Source:
https://scmp.com/article/67125/shooting-match

Shooting match

WE are between a rock and a hard place as Pearl and World continue their firing of big guns in the run-up to the Oscars. Four days to go.

The rock is The Deer Hunter (World, 9.30pm) and the hard place is Born On The Fourth Of July (Pearl, 9.30pm). Both are potent, both are enjoyable, and both are about Vietnam, at least its impact on the people who went. To guide your decision-making, there follows a summary of what you can expect: The Deer Hunter is the better film, but is long (a gargantuan 183 minutes in its original form). Some say it is also racist. Born On the Fourth Of July is shorter, but not much (140 minutes). It won an Academy Award for Oliver Stone as Best Director and stars Tom Cruise which, for many, will be reason enough to watch it.

Cruise's performance, for once, is a commanding one. Golden Boy he may be, but Cruise has appeared in some pretty average films and turned in some uninspiring performances, the hallmark of which has been machismo not method (Top Gun, Far And Away, Days Of Thunder, The Firm).

In Fourth Of July Stone reduced Cruise's cinematic testosterone level by putting him in a wheelchair. In a wheelchair it is difficult to posture, so you have to act, and hey presto, it worked. Tom Cruise can act.

He plays Ron Kovic, a God-fearing, gung-ho, All-American boy who takes a bullet in Vietnam that leaves him paralysed from the waist down. Back home among people who don't understand he turns into a degenerate, drunken, self-pitying dropout.

Cruise carries the film through some rocky moments and emerges with his acting credentials not only intact, but improved. It would be nice to see him do it again.

Christopher Walken does much the same in The Deer Hunter. He deservedly won an Oscar for Best Supporting Actor and the film deservedly won one as Best Picture.
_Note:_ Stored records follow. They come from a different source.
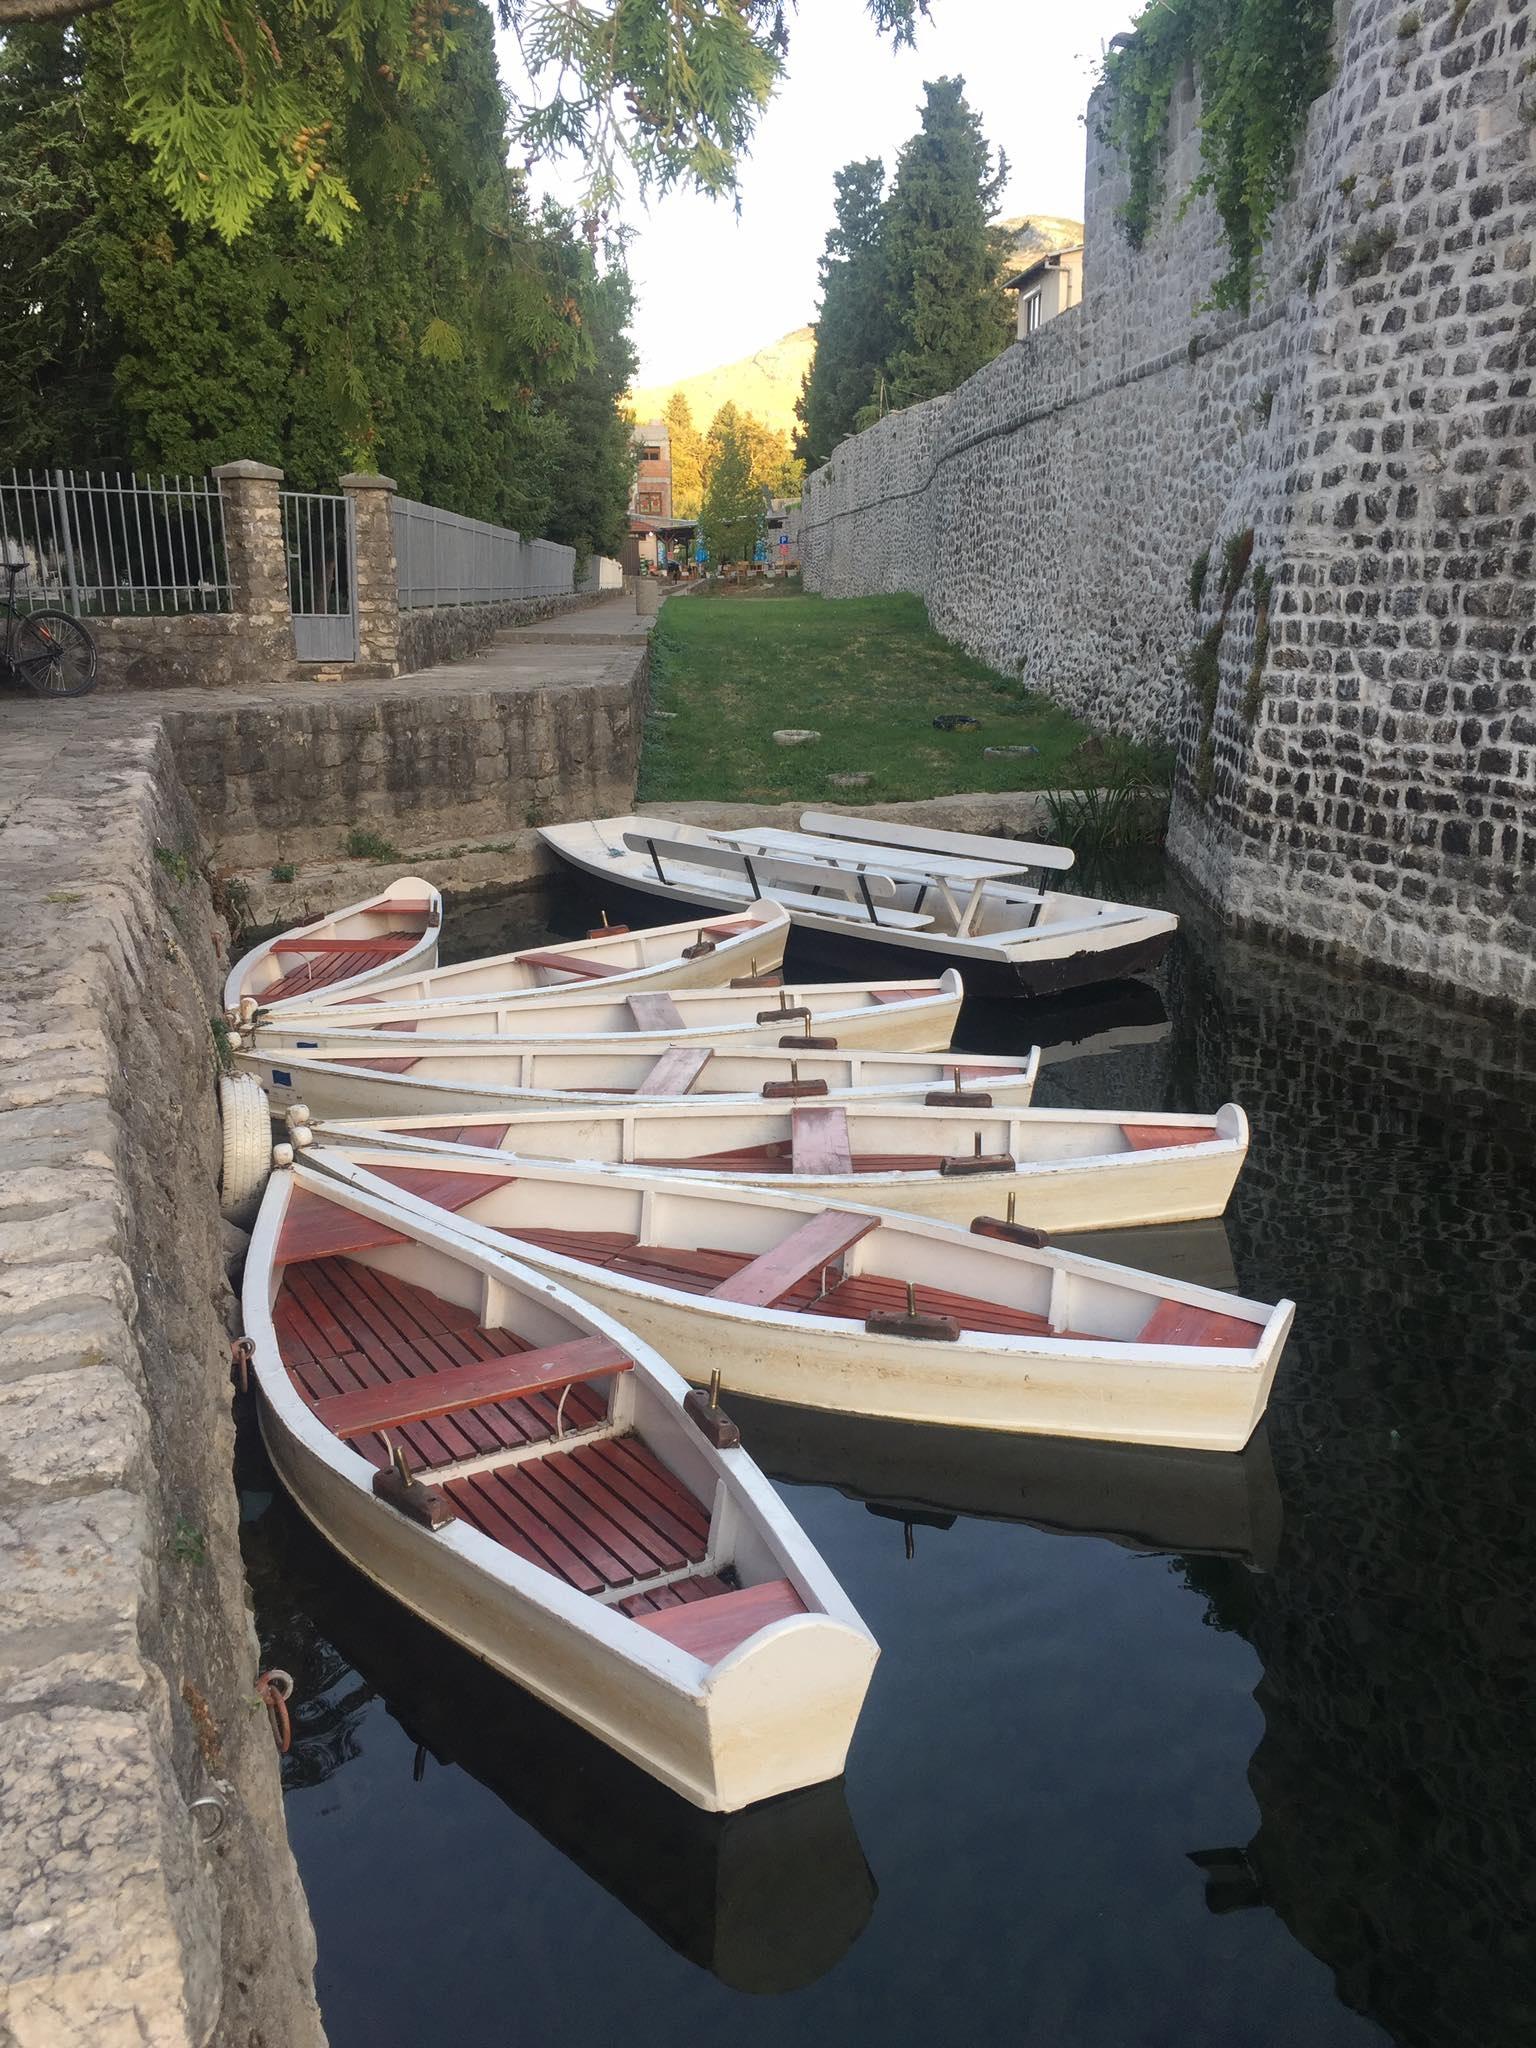 Barke mladog poduzetnika iz Trebinja plove Trebišnjicom
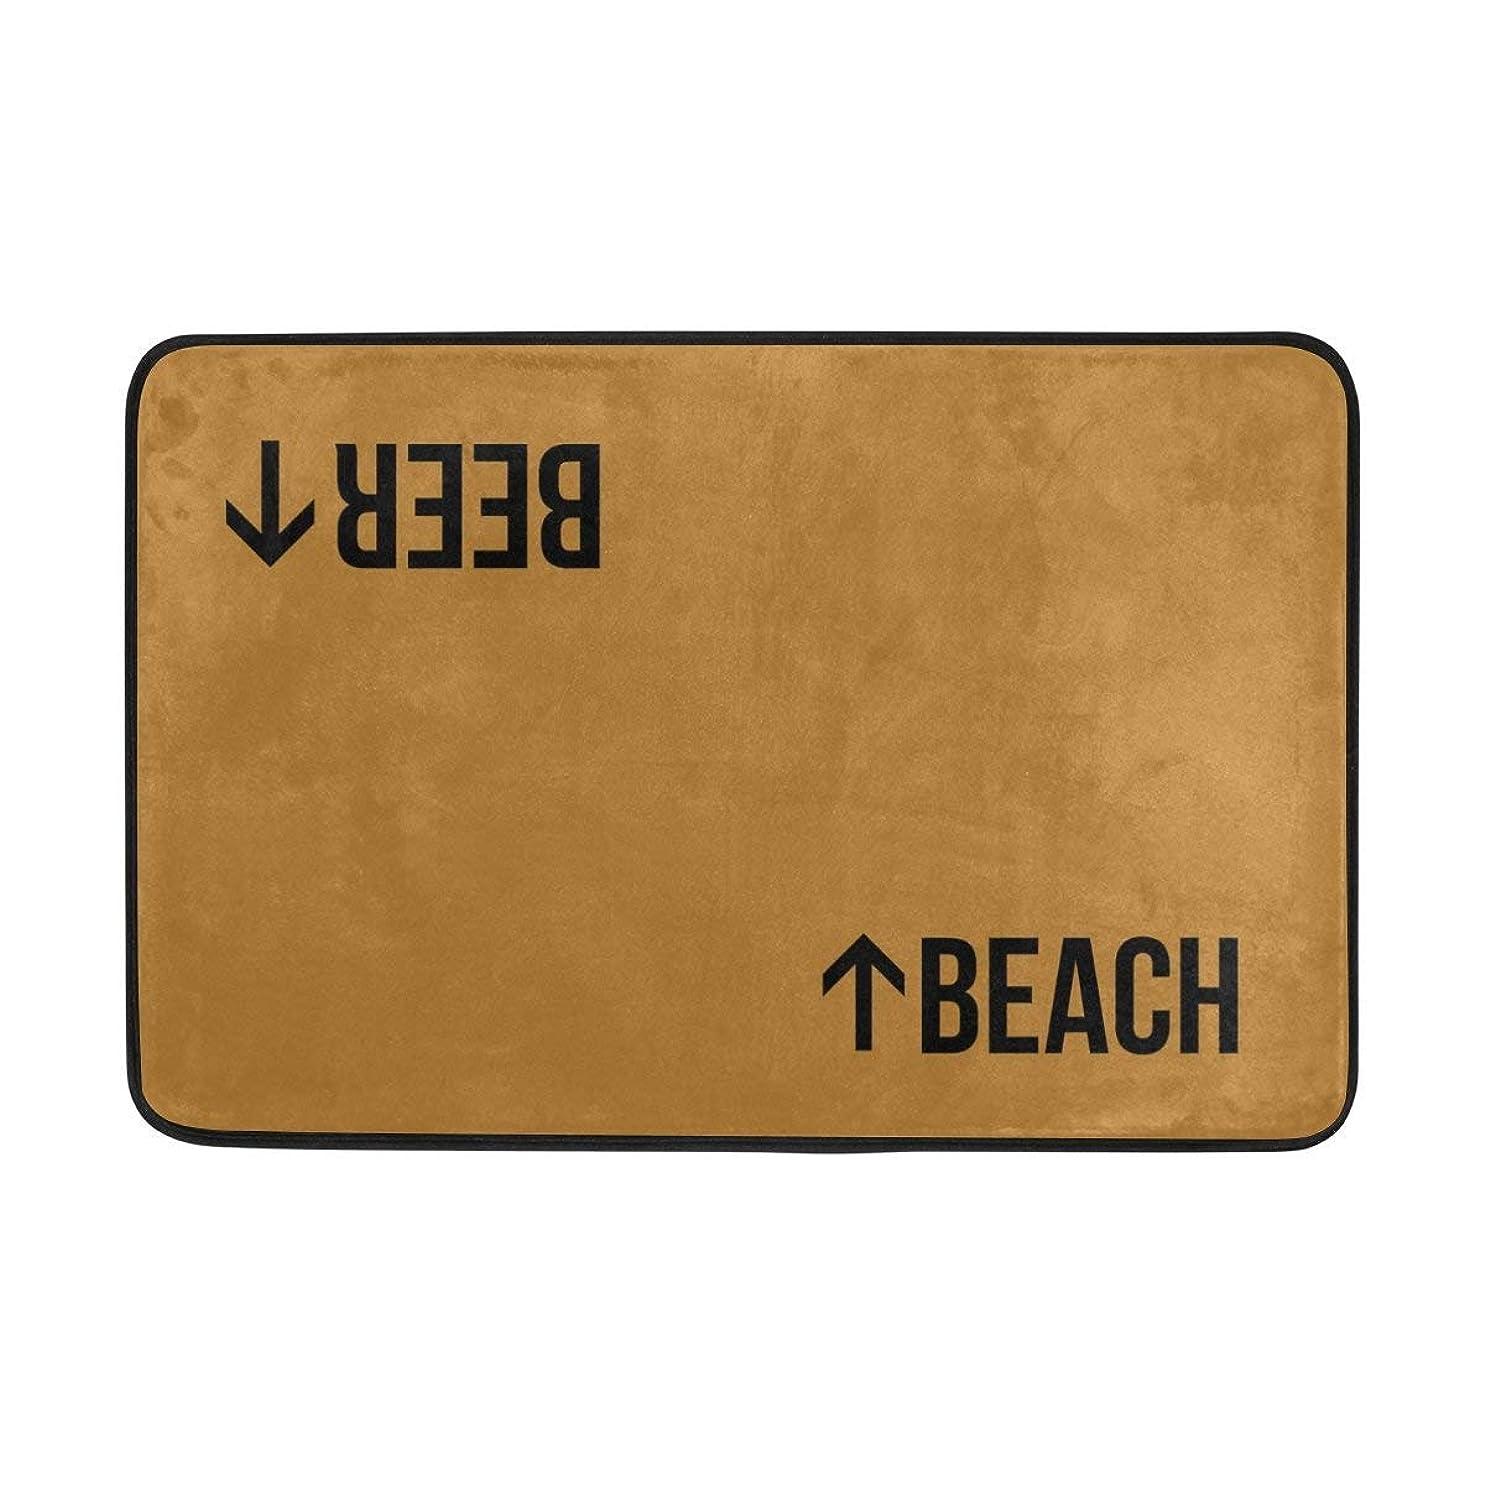 クリップ蝶ハイライト地平線玄関ドアマットビーチビール屋内/屋外の装飾ラグドアマット40×60センチインチ滑り止めの家の装飾
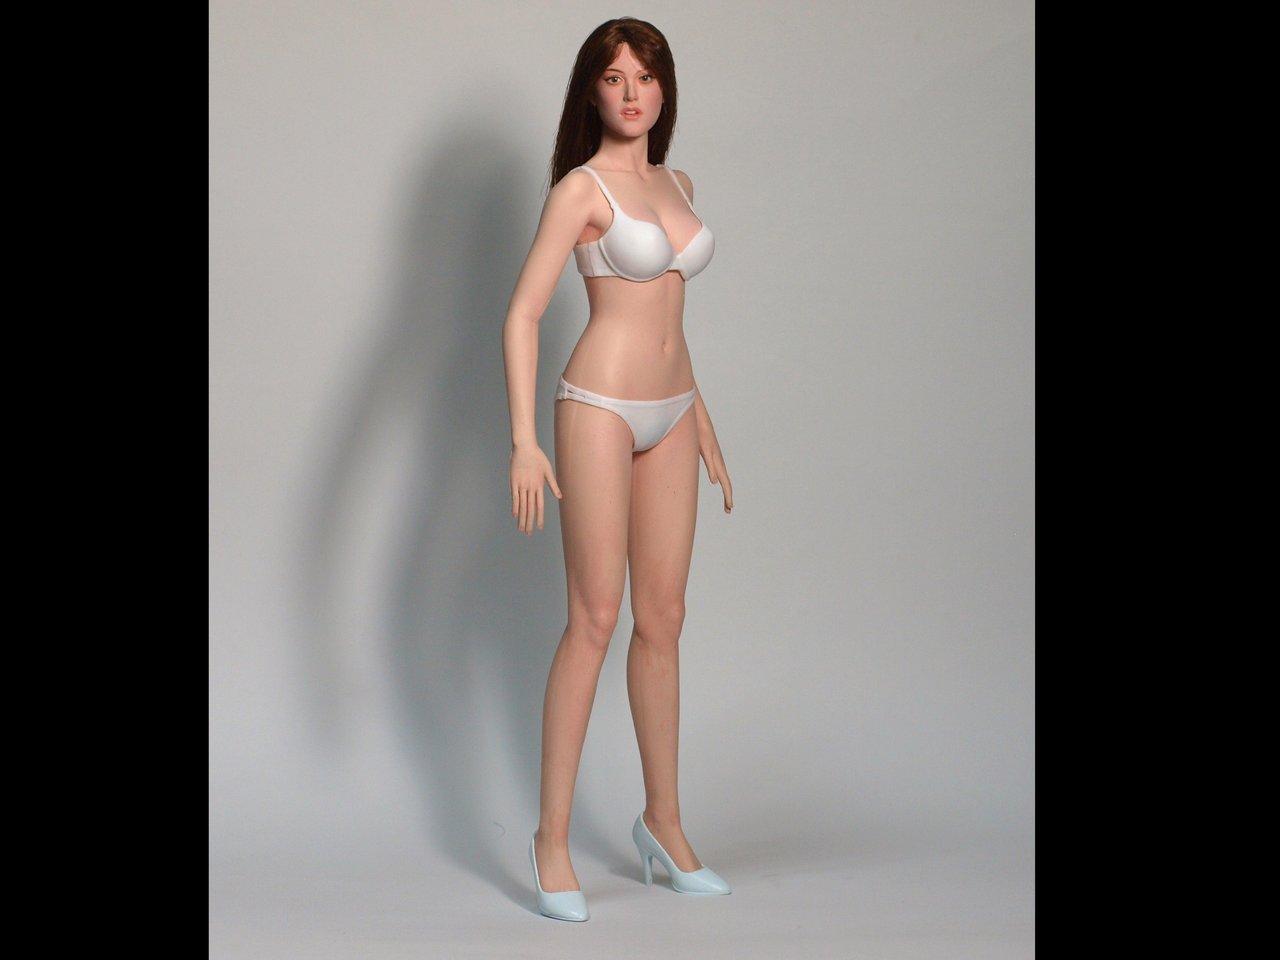 [Lançamento] Edaction -  1/6 scale Seamless Female Body 172758tn8zaauuyj9zbig9
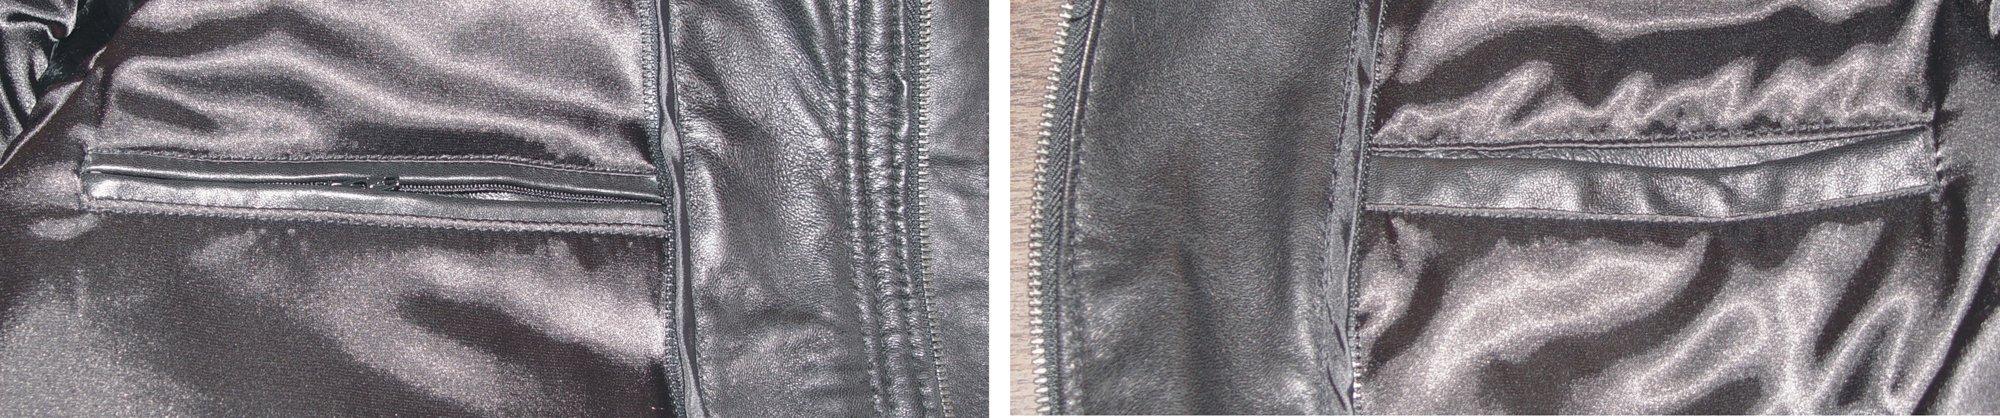 Nettailor Mens 1114 FOUR Season Wearable Leather Fancy Casual Blazer by NETTAILOR (Image #6)

The Deer Hunter is long because it had to be long (there is a story to tell), emotionally draining, traumatic and memorable. But it has been criticised for its somewhat slanted view of the war and its racist portrayal of the Vietnamese.

Despite that, it is still a journey worth making and the ending is as necessarily brutal as everything that comes gone before it. Robert De Niro, Meryl Streep and John Cazale also star. THE exorcising of the Vietnamese ghost is still not complete. It returns in The Iron Triangle (Pearl, 1.30am), a look at the war from the ''enemy's'' side, starring Beau Bridges and Haing S. Ngor, star of The Killing Fields and of Oliver Stone's recent Heaven And Earth. For the Oscar weary and the war weary there is only Maybe Baby (World, 2.15am), which didn't win any of the former and is not about the latter. It stars Dabney Coleman and Jane Curtin as a couple who decide to have a baby and features a truly cornball script.

THE people of China should be gratified that Zhou Enlai left them a great legacy. It was, according to director Ding Yinnan's Zhou Enlai (Star Chinese Channel, 9.15pm) to sing the Internationale before he breathed his last. ''This is the testament he leaves to the people of China,'' proclaims the synopsis.

The film, starring Wang Tiecheng, depicts the ''inner world, noble personality and charisma of Premier Zhou''. Stop me if I am brainwashing you.

''During the period when Zhou Enlai is in charge of Central Committee work, the economic order begins to revive. The establishment of diplomatic relations between China and the United States impresses the world.

''But misfortune assails Premier Zhou when he learns he has contracted terminal cancer.'' Misfortune indeed. But we should be thankful he found time to belt out the Internationale before he succumbed. Legacies do not come much greater than that.